What RSA and partners cite as unique about enVision is its scalability and the fact that it can collect all of a network's data because it combines two markets: security event management and security information management, said John Worrall, vice president of information and event management at RSA, Bedford, Mass.

"Half of [the pre-existing solutions on the market] came at it from event management, and half came at it from information management," Worrall said. "What's happening is [these two approaches] have merged because there is so much commonality in the systems.

"EnVision was really built on the foundation of compliance that you need to have all the data, you need to be able to keep that data, maintain that data, and manage that information over the life cycle of its natural life. That pretty much means from the time you collect the event information to the time you delete it out of your system, this solution lets you manage the information along the way," Worrall said.

"The secret sauce of enVision is its analytic engine," FishNet Security's Shilts said. "We can bring information in all day long, but [enVision] makes an intelligent decision about [that information]."

Deployed in the world's top five banks all the way down to regional players, enVision's architecture makes its deployment fast enough for the big guys, but inexpensive enough for the smaller ones, according to Worrall.

"Large rollouts can be done faster, and because we have so many preconfigured compliance reports for various regulations, the time from the customer deploying, collecting all this information and getting reports out of it is very, very fast," he said.

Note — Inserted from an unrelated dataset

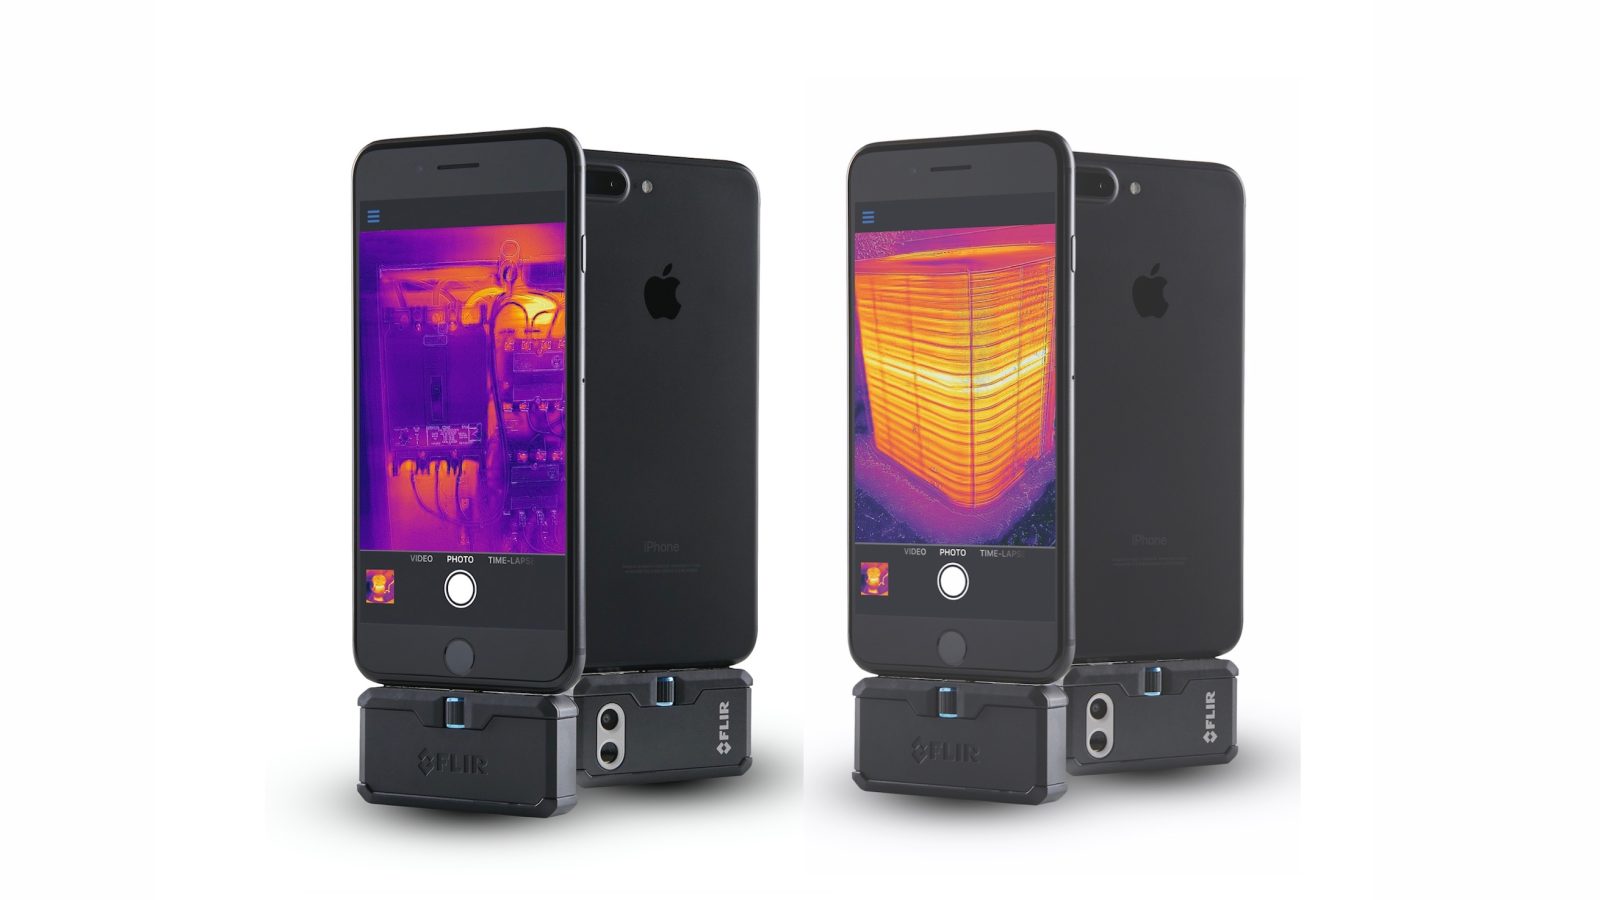 photo of Flir unveils One Pro LT thermal image camera for iPhone with more affordable price image
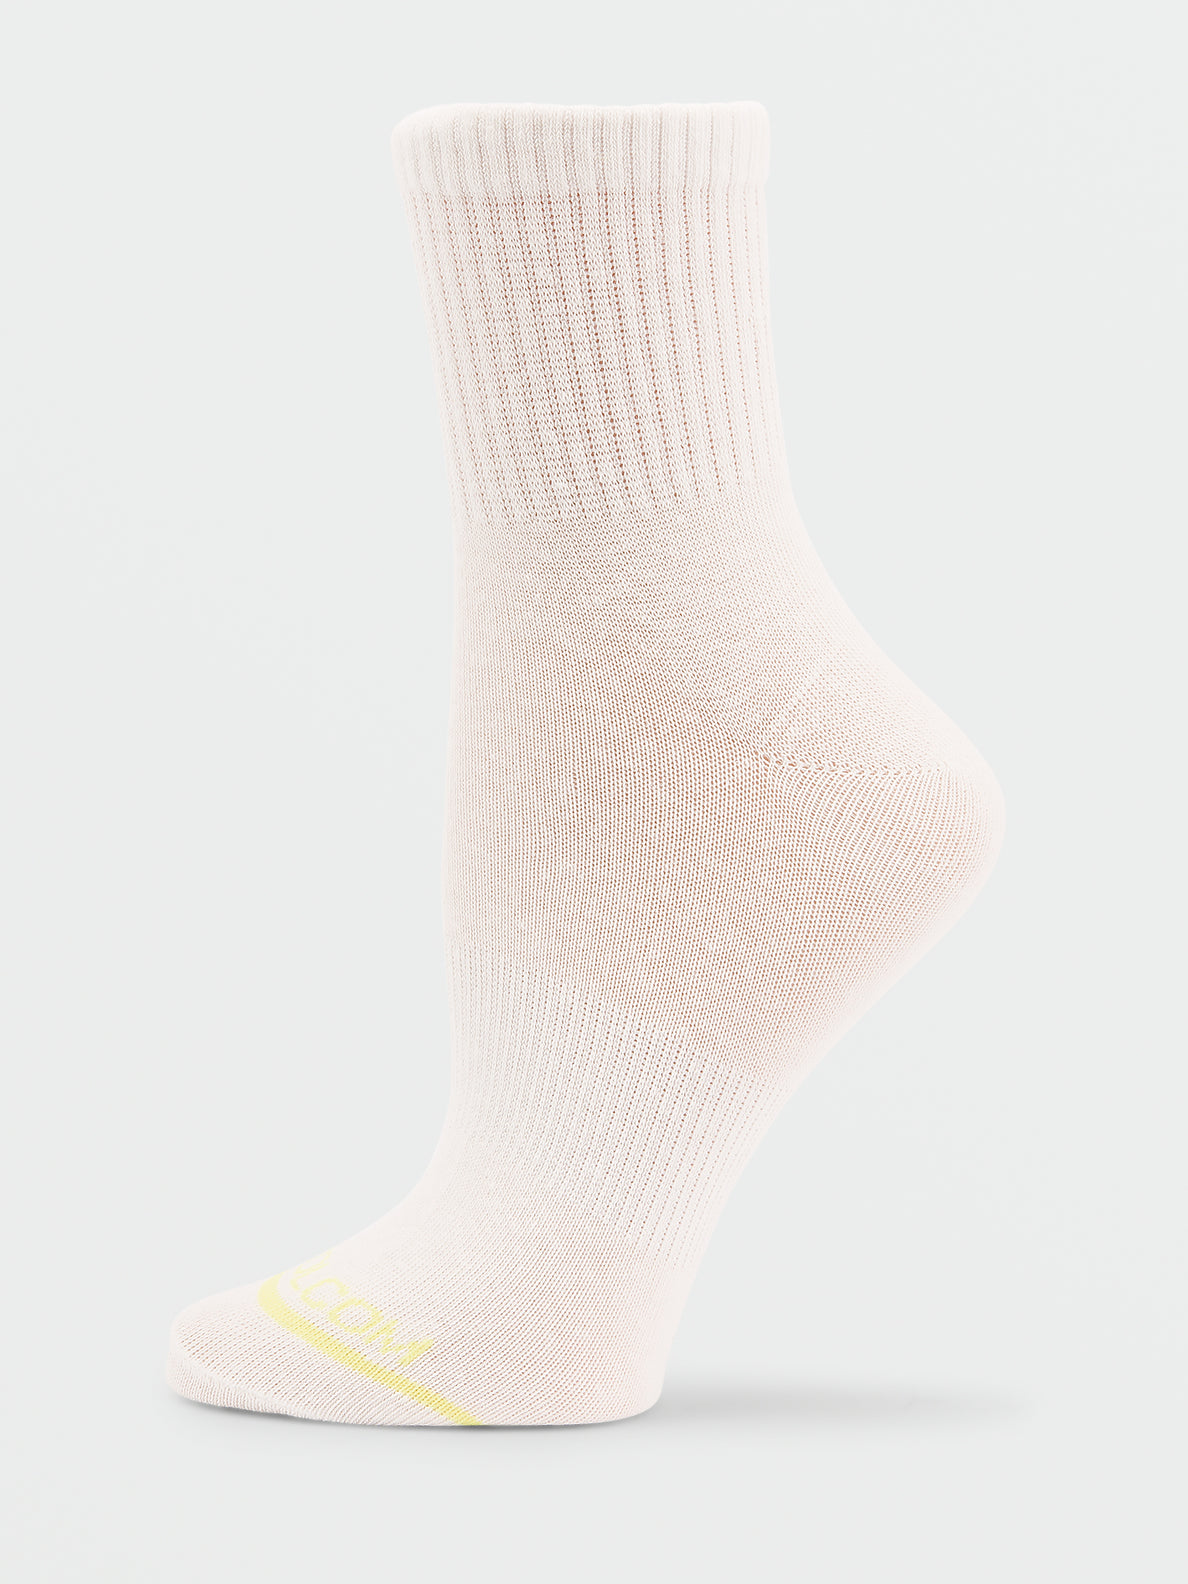 The New Crew Socks 3 Pack - Assorted Colors (E6332200_AST) [5]

The pricing structure, which is based on the number of events per second collected and the number of devices the events are collected from, guarantees its affordability for all markets.

And although enVision does not meet all regulatory objectives, it does give system administrators better visibility into the network, which gives solution providers the opportunity to take more of the adviser role, Shilts said. "[Clients are] getting hit from a lot of directions with a lot of features and functionalities, so we advise and clear the water."

Worrell summed up enVision's advantages this way: "It's less complex, much more simple, easier to deploy, much faster, and customers really appreciate that benefit."